Rice. 1.3. Projection of the displacement vector.
The projection of the displacement vector onto the OX axis is equal to the difference between the coordinates of the end and beginning of the vector, that is
S x = x – x 0
The projections of the displacement vector on the OY and OZ axes are determined and written similarly:
S y = y – y 0 S z = z – z 0
Here x 0 , y 0 , z 0 are the initial coordinates, or the coordinates of the initial position of the body (material point); x, y, z - final coordinates, or coordinates of the subsequent position of the body (material point).
The projection of the displacement vector is considered positive if the direction of the vector and the direction of the coordinate axis coincide (as in Fig. 1.3). If the direction of the vector and the direction of the coordinate axis do not coincide (opposite), then the projection of the vector is negative (Fig. 1.4).
If the displacement vector is parallel to the axis, then the modulus of its projection is equal to the modulus of the Vector itself. If the displacement vector is perpendicular to the axis, then the modulus of its projection is equal to zero (Fig. 1.4).
Rice. 1.4. Motion vector projection modules.

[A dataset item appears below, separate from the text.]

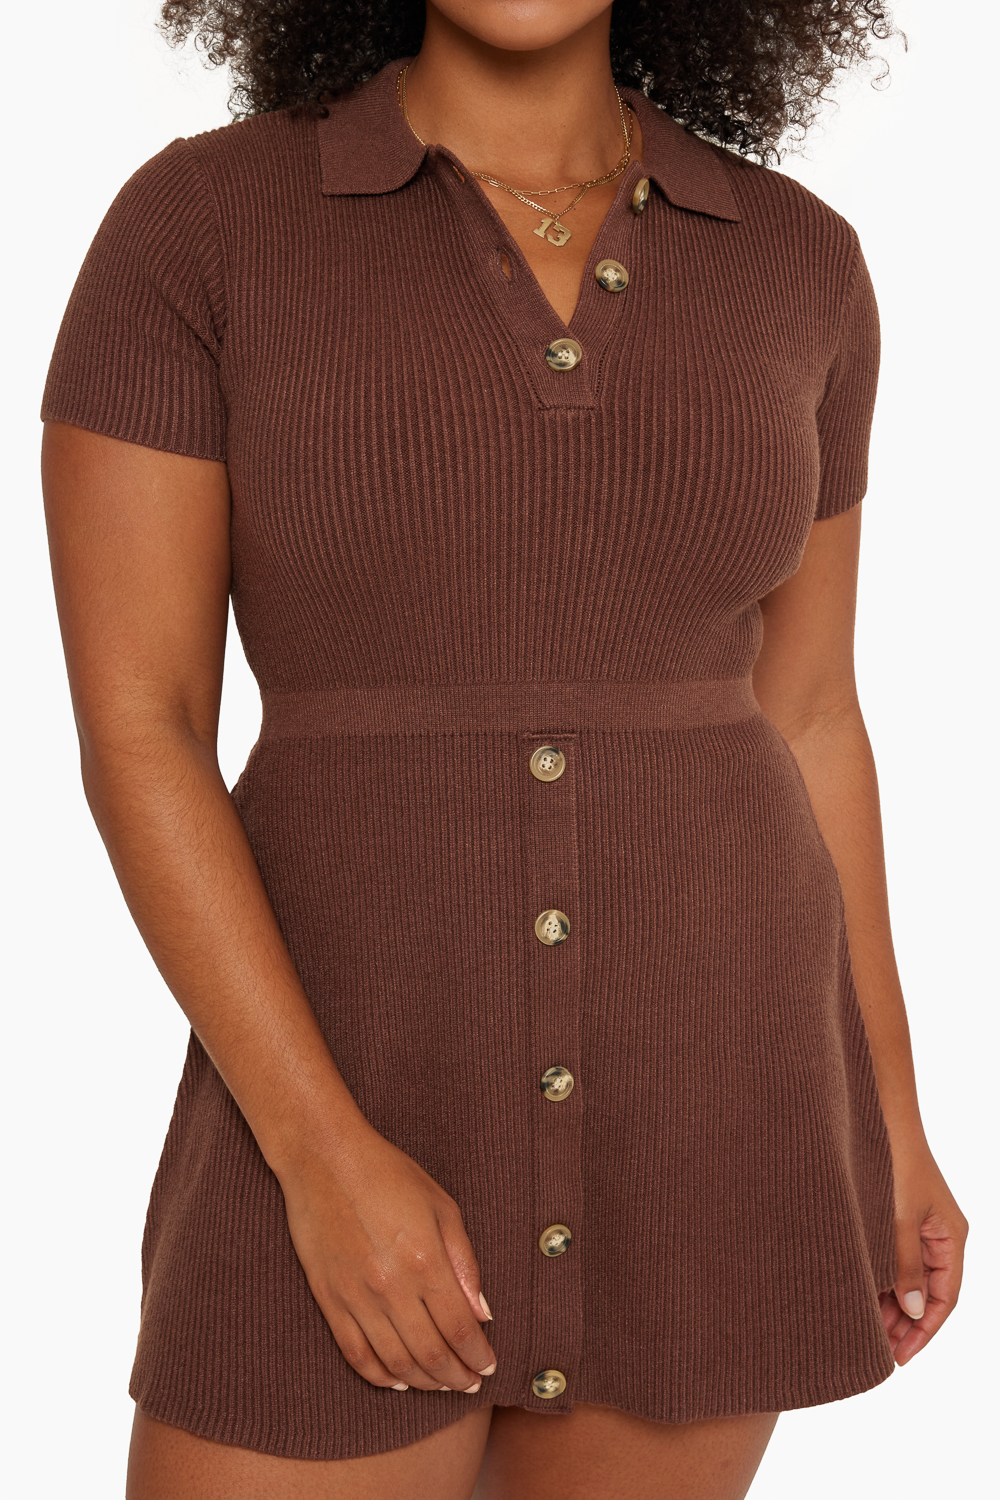 SET™ POLO KNIT DRESS IN CHOCOLATE

The difference between the subsequent and initial values of some quantity is called the change in this quantity. That is, the projection of the displacement vector onto the coordinate axis is equal to the change in the corresponding coordinate. For example, for the case when the body moves perpendicular to the X axis (Fig. 1.4), it turns out that the body DOES NOT MOVE relative to the X axis. That is, the movement of the body along the X axis is zero.
Let's consider an example of body motion on a plane. The initial position of the body is point A with coordinates x 0 and y 0, that is, A(x 0, y 0). The final position of the body is point B with coordinates x and y, that is, B(x, y). Let's find the modulus of body displacement.
From points A and B we lower perpendiculars to the coordinate axes OX and OY (Fig. 1.5).
Rice. 1.5. Movement of a body on a plane.
Let us determine the projections of the displacement vector on the OX and OY axes:
S x = x – x 0 S y = y – y 0
In Fig. 1.5 it is clear that triangle ABC is a right triangle. It follows from this that when solving the problem one can use Pythagorean theorem, with which you can find the module of the displacement vector, since
AC = s x CB = s y
According to the Pythagorean theorem
S 2 = S x 2 + S y 2
Where can you find the module of the displacement vector, that is, the length of the body’s path from point A to point B:
And finally, I suggest you consolidate your knowledge and calculate a few examples at your discretion. To do this, enter some numbers in the coordinate fields and click the CALCULATE button. Your browser must support the execution of JavaScript scripts and script execution must be enabled in your browser settings, otherwise the calculation will not be performed. In real numbers, the integer and fractional parts must be separated by a dot, for example, 10.5.